What makes a program
hard to understand?

What skills should
programmers have?

Overview and Contributions

By employing neuro-physiological measures, Brains On Code connect for the first time all three areas involved in the act of program comprehension, as illustrated in the figure below: (a) the programmer solving a program comprehension task, (b) neuro-physiological correlates of program comprehension, and (c) external observables of program comprehension. It is the gap between the programmer and task (a), on the one hand, and external observables of program comprehension (c), on the other hand, that makes developing models and theories of program comprehension difficult.

Diagram

The background is that simple correlations or regression models (e.g., relating the complexity of a program's code and the time to determining the program's output) are often dominated by the inherent complexities of human behavior and of the code as well as by the many factors that may influence the relation, such as inter-task and inter-personal variance, programming expertise, and the use of programming language features and idioms. This leads to a combinatorial explosion of factors that potentially influence program comprehension (individually and in combination). Understanding or even only covering this search space systematically has proved very difficult in the past. Brains On Code's methodological and theoretical contributions bridges this gap and guides us through this search space.

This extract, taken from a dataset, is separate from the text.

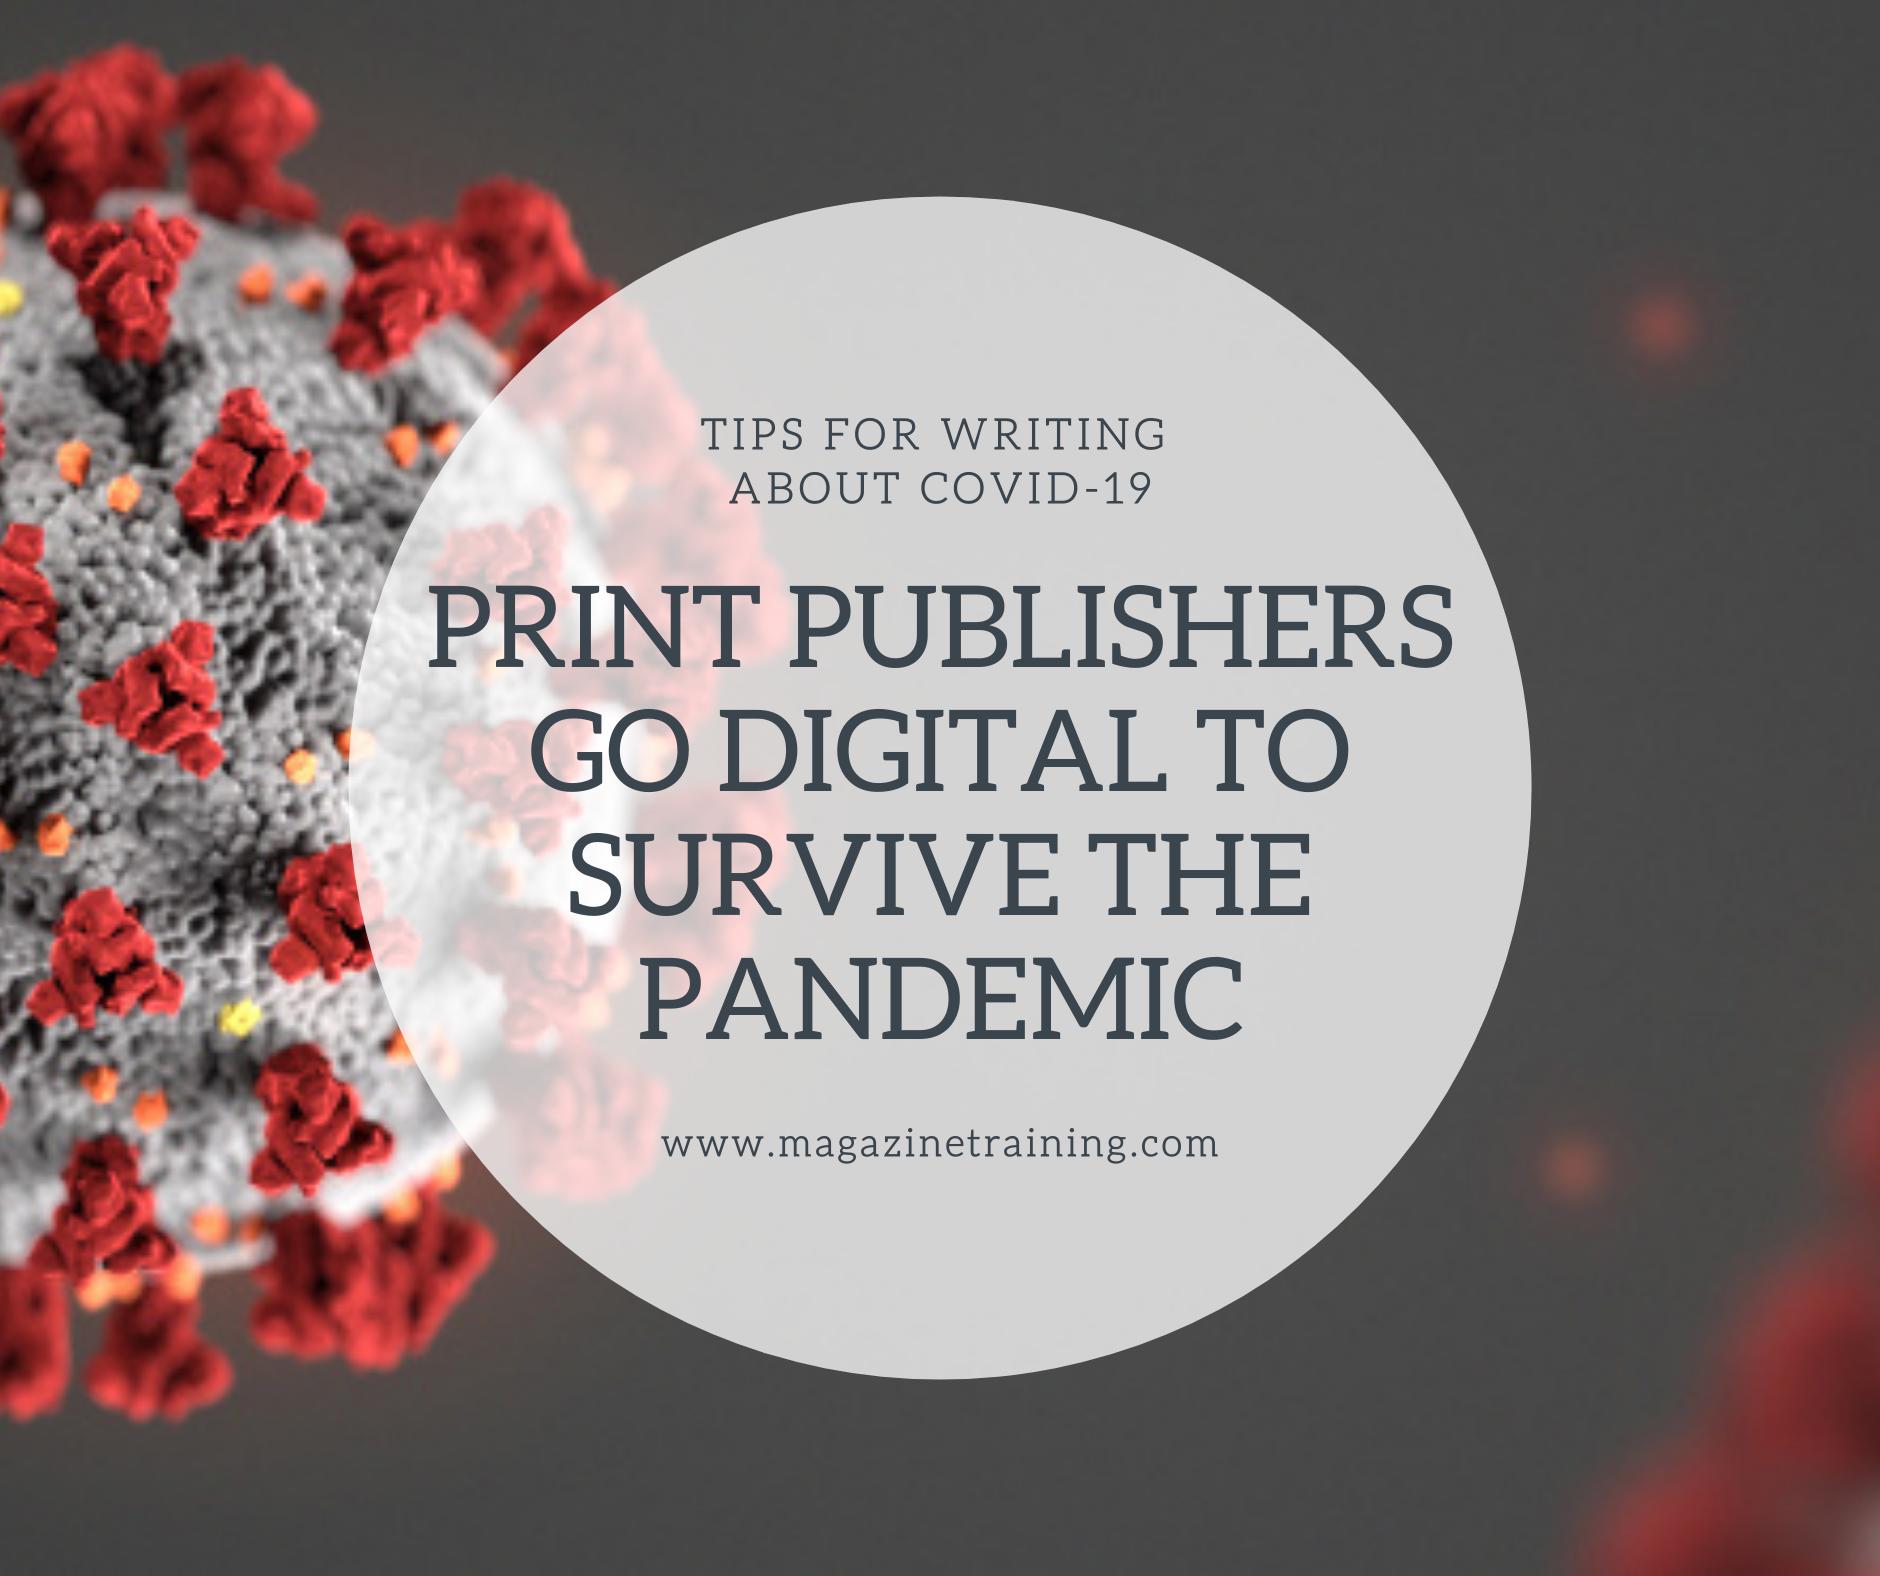 print publishers go digital

Overall, Brains On Code makes three key contributions:

A multimodal experiment framework for measuring program comprehension with neuro-physiological
measurment methods (d).
A theoretical foundation of program comprehension based on cognitive theory and architecture (e).
Answers to foundational questions of programming methodology, language design, and education
enabled by the theoretical and methodological foundation developed in Brains On Code (f).

Empirical methodology

Multi-modal experiment framework

Theory building

Computational cognitive modeling with ACT-R

Pushing the frontiers

Feedback loop based on empirical falsification

Brains On Code by Example

To illustrate how we are working in Brains On Code, we discuss how we answer a simple examplary research question.

The research question we would like to answer in this example is whether the use of meaningful identifiers (e.g., for variables and functions) facilitates program comprehension. A common approach is to compare two groups of programmers, one solving a comprehension task (e.g., determining the output) on a program with meaningful identifiers and one without. Say we find that the group working with meaningful identifiers is faster, on average. The problem is that it is still unclear whether this effect is due to the kind of identifiers or something else (different levels of programming experience, etc.). The sheer number of factors that potentially influence program comprehension (individually and in combination) as well as generally small sample sizes (human participants) prevent us from separating effects from confounders. In Brains On Code, we address this problem using neuro-physiological and behavioral measures establishing a reliable relation between treatments (meaningful or not) and external observables (faster or slower).

Let us assume that, in an fMRI session, we find that programmers working with meaningful identifiers show a significantly lower neural activation in brain areas related to program comprehension than the other programmers. This gives a first hint that meaningful identifiers reduce cognitive load. Still, is it really the identifiers that cause this reduction? We could ask the programmers, but many cognitive processes take place subconsciously. This is where Brains On Code's multimodal approach comes into play.

Combining fMRI with eye tracking can shed light on this issue: If the difference in brain activation can be mapped to gaze behavior related to identifiers (e.g., fixation time), this would indicate that the choice of the identifiers is the cause of the difference. In a recent study, we indeed could establish this relation.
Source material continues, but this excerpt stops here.